Figuur 1; conceptueel model

Ook is gebleken dat de populatie waaronder dit onderzoek uitgevoerd zou gaan worden te breed is. Gekozen is voor een beperktere populatie, de groepen 6 van basisschool De Zeggewijzer.

De nieuwe onderzoeksvraag die uit bovenstaande gegevens geformuleerd kan worden is:

“In hoeverre leidt het stimuleren van het spellingbewustzijn, door middel van directe feedback op procesgericht en zelfregulerend niveau, tot betere spellingresultaten bij de leerlingen uit groep 6 van basisschool De Zeggewijzer?”

Hieruit kan de volgende hypothese afgeleid worden:

“Als het spellingbewustzijn gestimuleerd wordt door het geven van directe feedback op procesgericht en zelfregulerend niveau, zullen de spellingresultaten verbeteren.”

(10)

9 HOOFDSTUK 3: Onderzoeksontwerp en –uitvoering

In dit hoofdstuk komen het onderzoeksontwerp en de uitvoering daarvan aan bod. De methode en de opzet van het onderzoek met de innovatieve oplossing worden beschreven in paragraaf 3.1. In paragraaf 3.2 komt de uitvoering van het onderzoek aan bod.

3.1 Methode

3.1.1 Innovatieve oplossing

Kamphuis & Vernooy (2011 ) en Korstanje & Veenstra (2012) stellen dat feedback op zelfregulerend niveau uitgebreid moet worden met andere hulpmiddelen waar de leerlingen later op terug kunnen vallen als de leerkracht bij een andere leerling is. In dit onderzoek is ervoor gekozen om ‘hulpkaarten’ te maken die de leerlingen helpen te beslissen of een woord juist geschreven is. De onderzoeksleider heeft deze ‘hulpkaarten’ ontwikkeld door diverse materialen van de methode Taal Actief samen te voegen. Op iedere ‘hulpkaart’ zullen de volgende aspecten terug te vinden zijn: de strategie die bij het woord hoort, aangegeven met een pictogram van een oor (fonologische strategie), een boek (regelstrategie), twee appels (analogiestrategie) of een lamp (woordbeeldstrategie); het categoriewoord met afbeelding; en de spellingregel behorende bij de spellingcategorie (zie bijlage 1). De ‘hulpkaarten zullen per blok aangeboden worden.

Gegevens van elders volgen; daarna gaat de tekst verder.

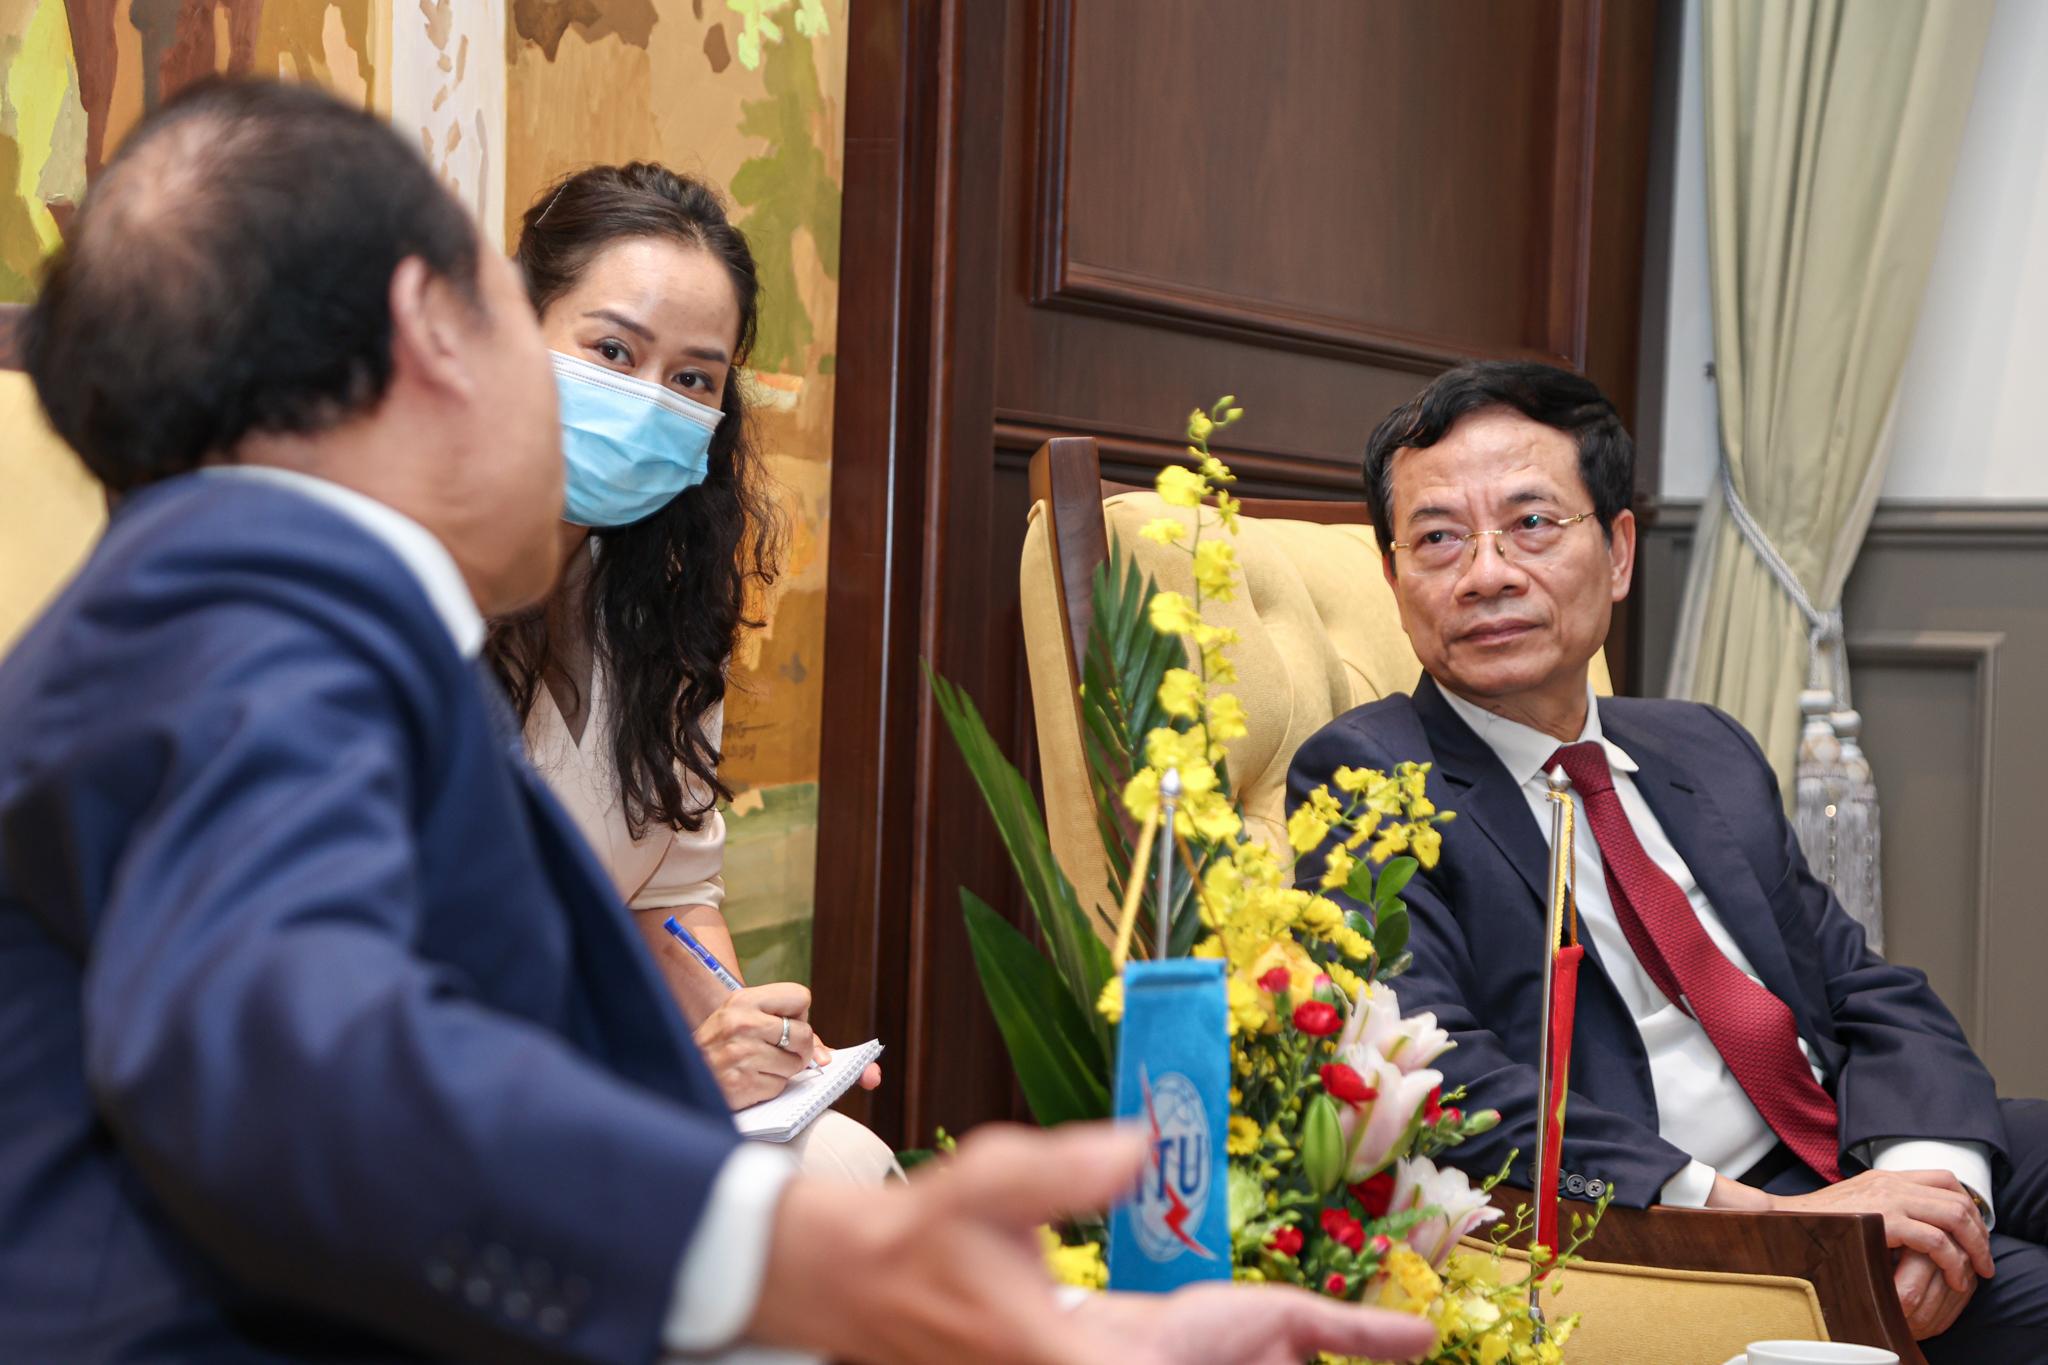 Bộ trưởng Thông tin và Truyền thông Nguyễn Mạnh Hùng trong buổi gặp đại diện ITU. Ảnh: Minh Sơn

Deze kunnen bewaard worden in een fotomapje 10cm x 15cm. Het is de taak van de leerkracht om de leerlingen te stimuleren het opzoekboekje te raadplegen om na te gaan of een woord op de juiste wijze geschreven is.

3.1.2 Methode van onderzoek

Om de hypothese te toetsen is als onderzoeksmethode gekozen voor een actieonderzoek. Er is sprake van

actieonderzoek als wordt gewerkt vanuit de empirisch analytische traditie (Delnooz, 2010). De vraag: “Hoe kan ik de wereld veranderen?” staat centraal in actieonderzoek. Dit houdt in dat er gekeken wordt naar de maatschappelijke behoefte van het onderzoeksonderwerp, in dit geval de verbetering van de spellingresultaten. In de

rationale(paragraaf 2.1.1) is de maatschappelijke druk op spellingresultaten reeds besproken.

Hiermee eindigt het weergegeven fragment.